Marianne Williamson is not a serious candidate for president. The spiritualist and self-help icon is polling around 0 percent, and her message—a crunchy mix of New Age pronouncements and denunciations of Donald Trump—don't seem likely to appeal to anyone without one foot in the astral plane. While some observers have compared her outsider campaign to Trump's successful effort, the reality TV host had strong polling performances out of the gate starting in 2015 and gave Republican voters a version of what they had been hearing on Fox News for years. Williamson, on the other hand, seems utterly outside politics.
That's why candidates should pay attention to what she's doing.
Tuesday night's Democratic debate was marked by a lot of conflict between progressive candidates who back expansive programs like Medicare for All—chiefly Elizabeth Warren and Bernie Sanders—and moderates who derided these plans as too expensive or not politically viable. Though the format (and aggressive moderators) made this argument sometimes difficult to untangle, there are serious questions, both political and practical, about the best way to get to a point where all Americans have health insurance.
But there's also a serious question about whether this kind of argument is even worthwhile right now. In one of the debate's most notable moments, Williamson talked about how Trump had "gutted the Clean Water Act," a move poised to disproportionately harm communities of color like Flint, Michigan.
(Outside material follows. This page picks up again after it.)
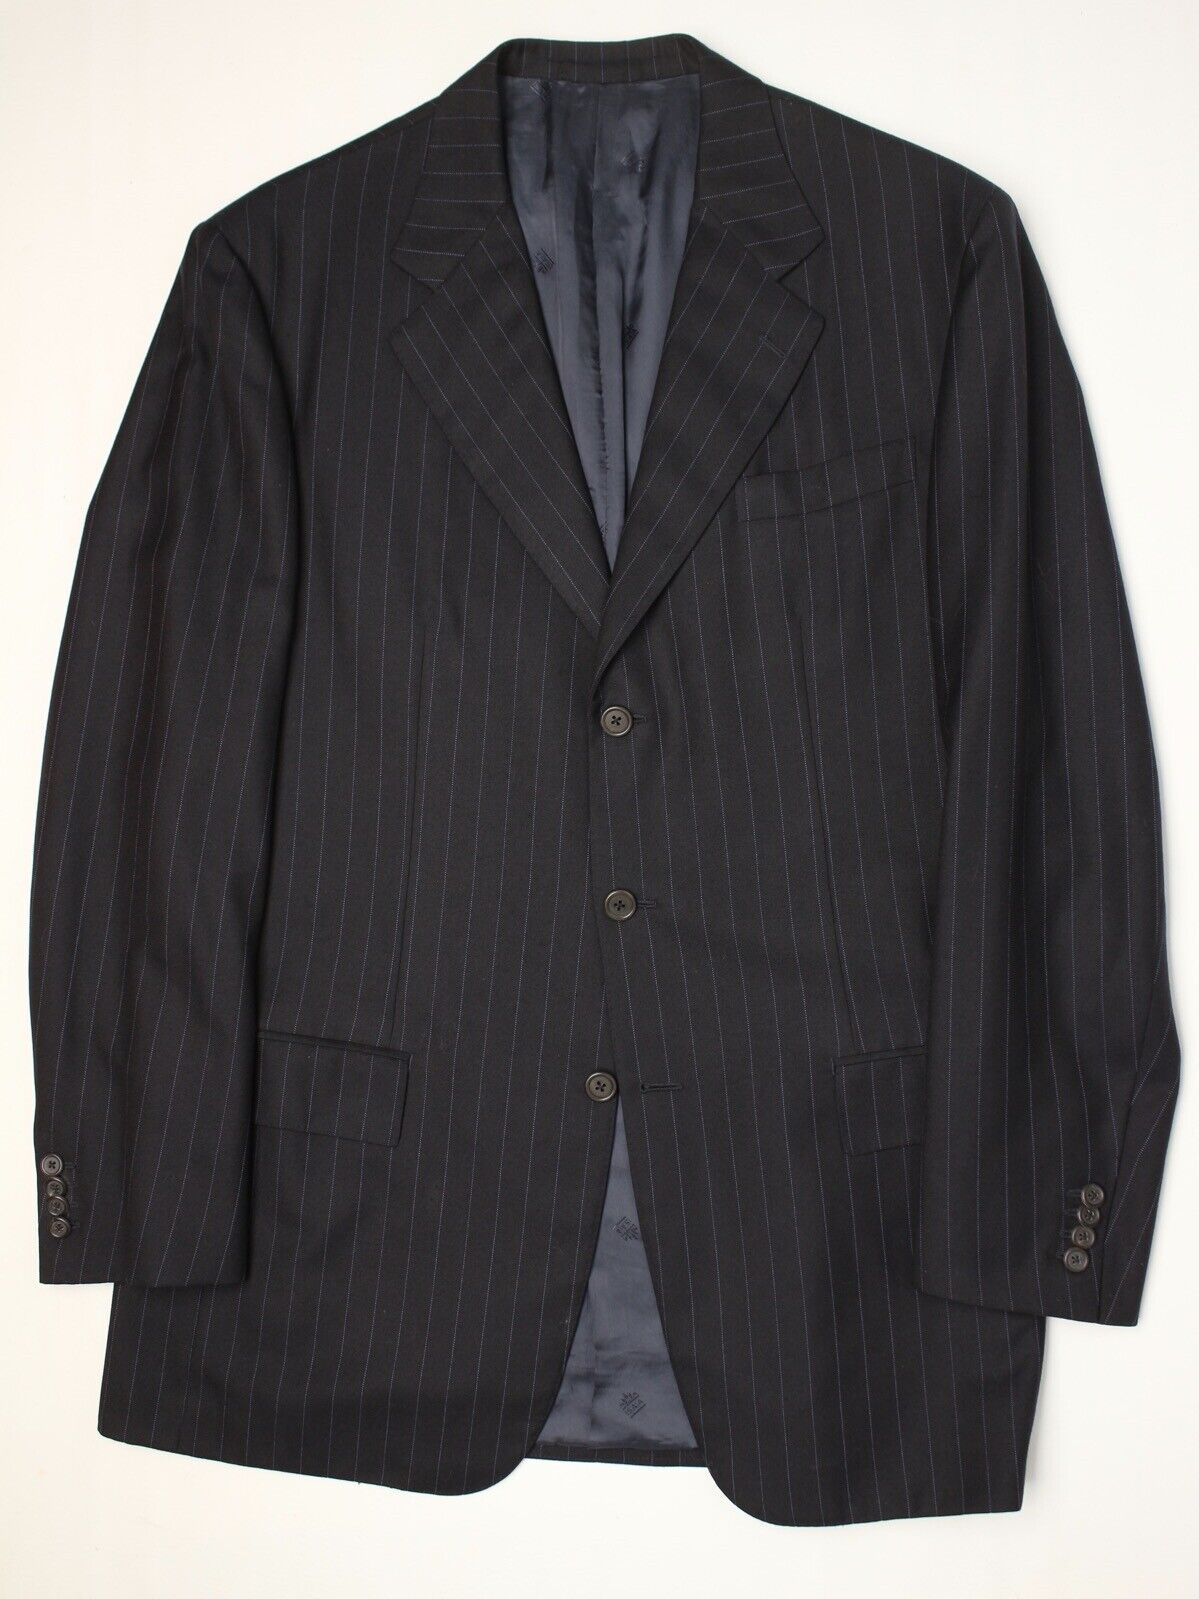 Enrico Isaia Mens Suit 44L 33x34 Navy Blau Pin Stripe Stripe Stripe 3 Bttn Coat Pleated Pants 5db

She went on: "If you think any of this wonkiness is going to deal with this dark psychic force of the collectivized hatred that this president is bringing up in this country, then I’m afraid that the Democrats are going to see some very dark days."
Many Democratic voters want to hear details about policy and what their candidates would do in the White House. But they also want a counter to Trumpism, which to left-leaning people can feel like a weight pressing down from the sky. When Williamson says, "We need more than a political-insider game and wonkiness and intellectual argument. Those things will not defeat Donald Trump. We need some radical truth-telling," she is speaking to the idea that a political campaign is much more than a collection of policies. It's a way to inspire people, to break through apathy and cynicism.
That's not to say the other Democratic candidates are uninspiring. And the critique of Democrats as soulless wonks is hardly original. But what Williamson showed was that this line of thinking powerfully connects with voters. She was clearly able to break through in a way that, for example, John Hickenlooper was not—she was the most searched-for candidate on Google after the debate. It's almost certainly because she's unafraid of embracing big, abstract ideas and using vivid language like "dark psychic force" that many mainstream politicians might be afraid of.
That’s not to say we should just blindly embrace Williamson. She has a history of saying vile things about fat people and spreading dangerous myths about antidepressants and vaccines. She's also been called out for supposedly once telling AIDS patients to skip their meds, a charge she denies. If she were a viable candidate as Trump was in 2016, Democrats would need to band together to combat her anti-science views.
But while voters probably won't ever warm to Williamson enough to make her a credible candidate, her ability to get Democrats to stand up and listen, to wake up a little bit after three years of Trump, shouldn't be dismissed. Looking and sounding "presidential" in the old sense doesn't work anymore—just ask the dozen white male elected officials in the polling basement with Williamson, or just ask Trump. Everyone understands her when she says there's a "dark psychic force" unleashed upon the country, and everyone knows that mere wonkiness won't fix it. If you won't engage in psychic warfare, get off the stage.